Seasons of Healing

While we were out with our walking group on Saturday morning, a cold front–or cool front–blew in. The breeze picked up to an actual wind. The temperature and humidity dropped. Not only did our bodies feel better, but our spirits lifted. It had gotten to the point in the summer that I wasn’t quite sure it would ever be less than 100 degrees and 99 per cent humidity. And then just like that, the season changed or at least promises to change. A reminder that God is in charge. His natural laws are true and reliable.

Last Wednesday I cut my finger. We had gone to a restaurant that serves giant cinnamon rolls. And I mean giant. They weigh 3 pounds and are about four inches high. But yummy! Cinnamon and sugar all through the entire roll, topped with icing that melts in the between the rolled layers. It is not health food. We took three-quarters of it home in a box and planned to share it with guests. I was cutting our portion off, holding the styrofoam platter behind the roll where I couldn’t see it. I sliced into the index finger of my left hand. Of course, I didn’t want to get stitches; I could heal it with band-aids and ointment. That was almost a week ago. It is still sore, but on the mend. A reminder that God is in control. His natural laws work regardless of our dumb mistakes.

My Aunt Joyce  called on Saturday night. Her husband, Charles, passed away on Friday night. She had moved into a new season: widowhood. Uncle Charles has experienced the healing that was not possible in this world. Joyce is left with the pain of grief. However, as surely as cooler temperatures and as surely as my finger is healing, her pain will be lifted little by little until she experiences with Charles the healing that is possible in the world we cannot see from here. God is in control of the seasons of life. His law of love and grace stands strong and immutable.

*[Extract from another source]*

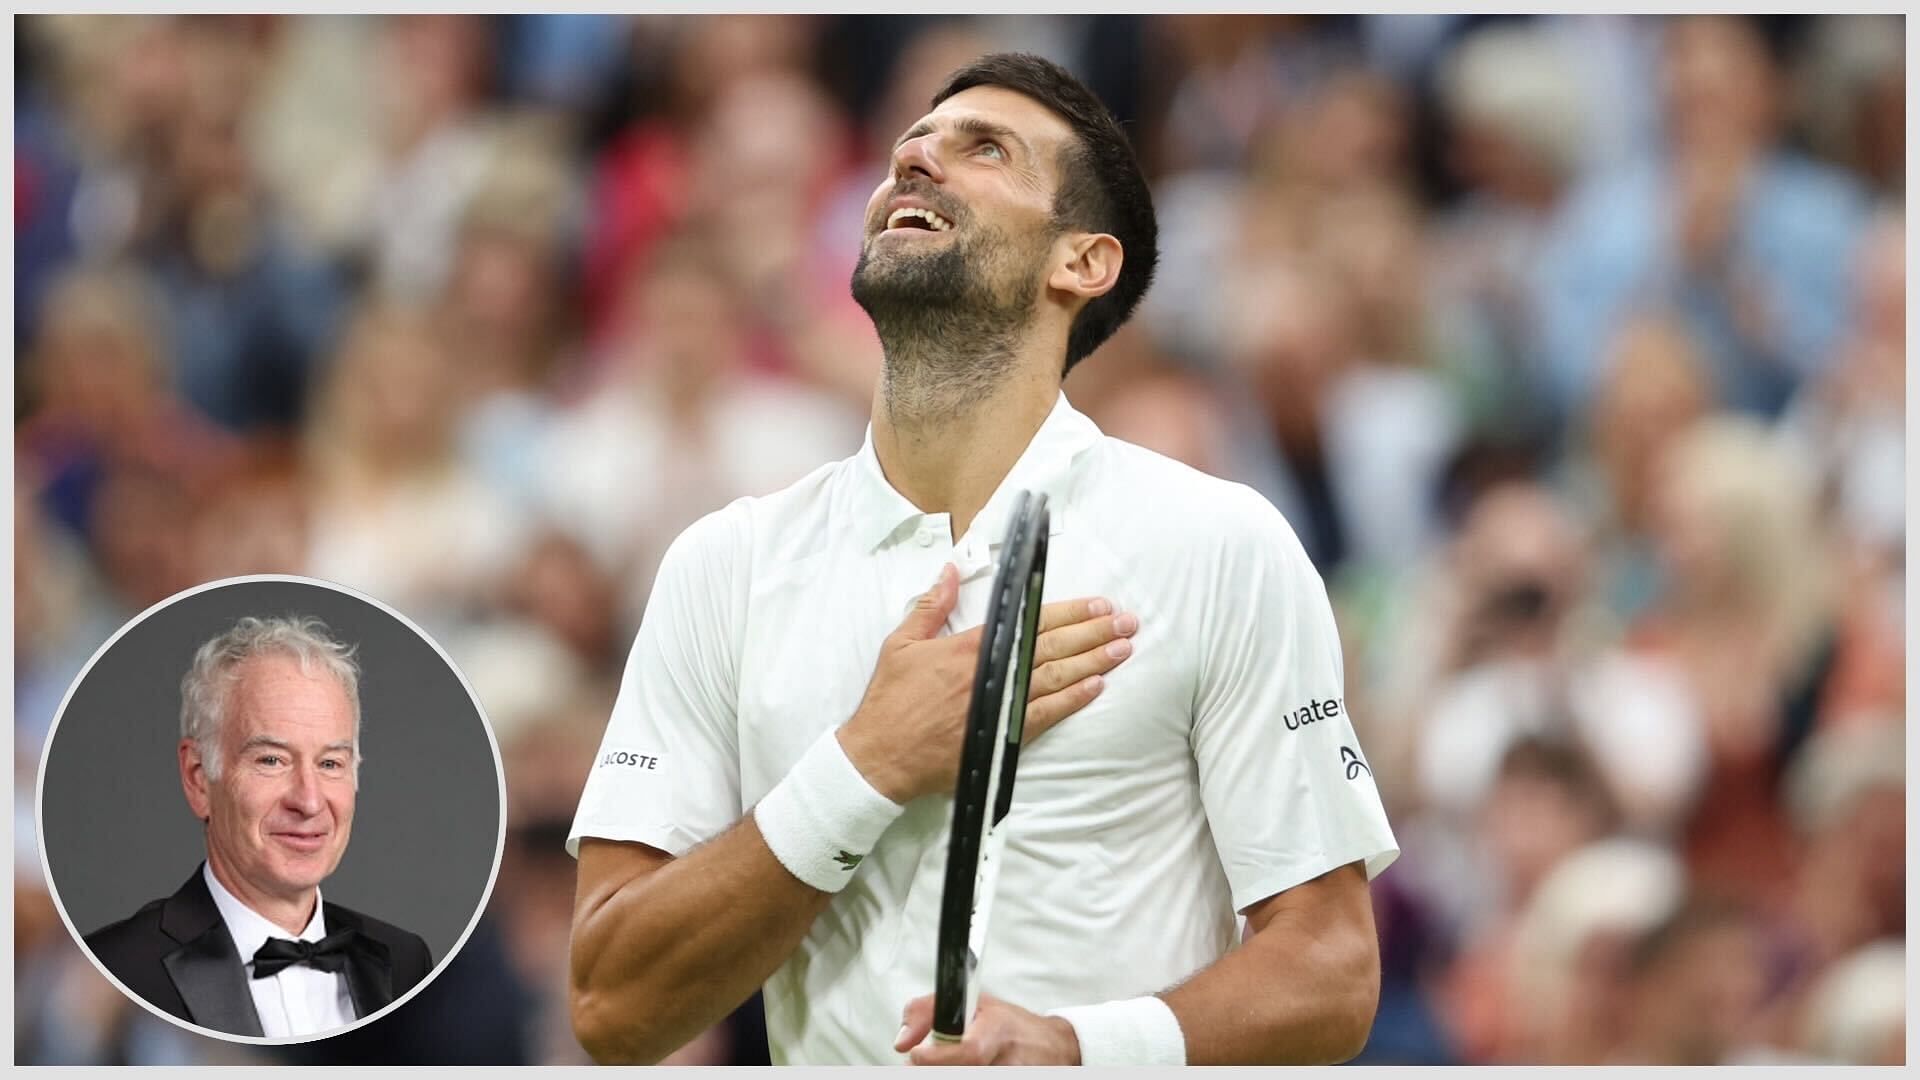 ohn McEnroe has defended Novak Djokovic and slammed the match official following a controversial Wimbledon call.

What season are you in? What pain are you experiencing? Where do you need healing? No matter what you answer, God is in control of even that.

3 thoughts on “Seasons of Healing

  1. Kay I’m sorry to hear about you cutting your finger. I’ve done the same thing and thought I can heal it, wrong. If we would only listen but that is the human in us.
    I’m also sorry to hear about your Uncle Charles and the pain of grief that it is leaving your Aunt Joyce.

    I’m enjoying your blogs so much and always look forward to the next one.
    Dorothy

    1. Uncle Charles will be missed. Just last year, Butch and I visited Joyce and Charles. When we talked about our dance lessons, Charles got out of his wheelchair and insisted on dancing with me. It was very special. It’s a reminder to dance while you can, especially if it’s difficult.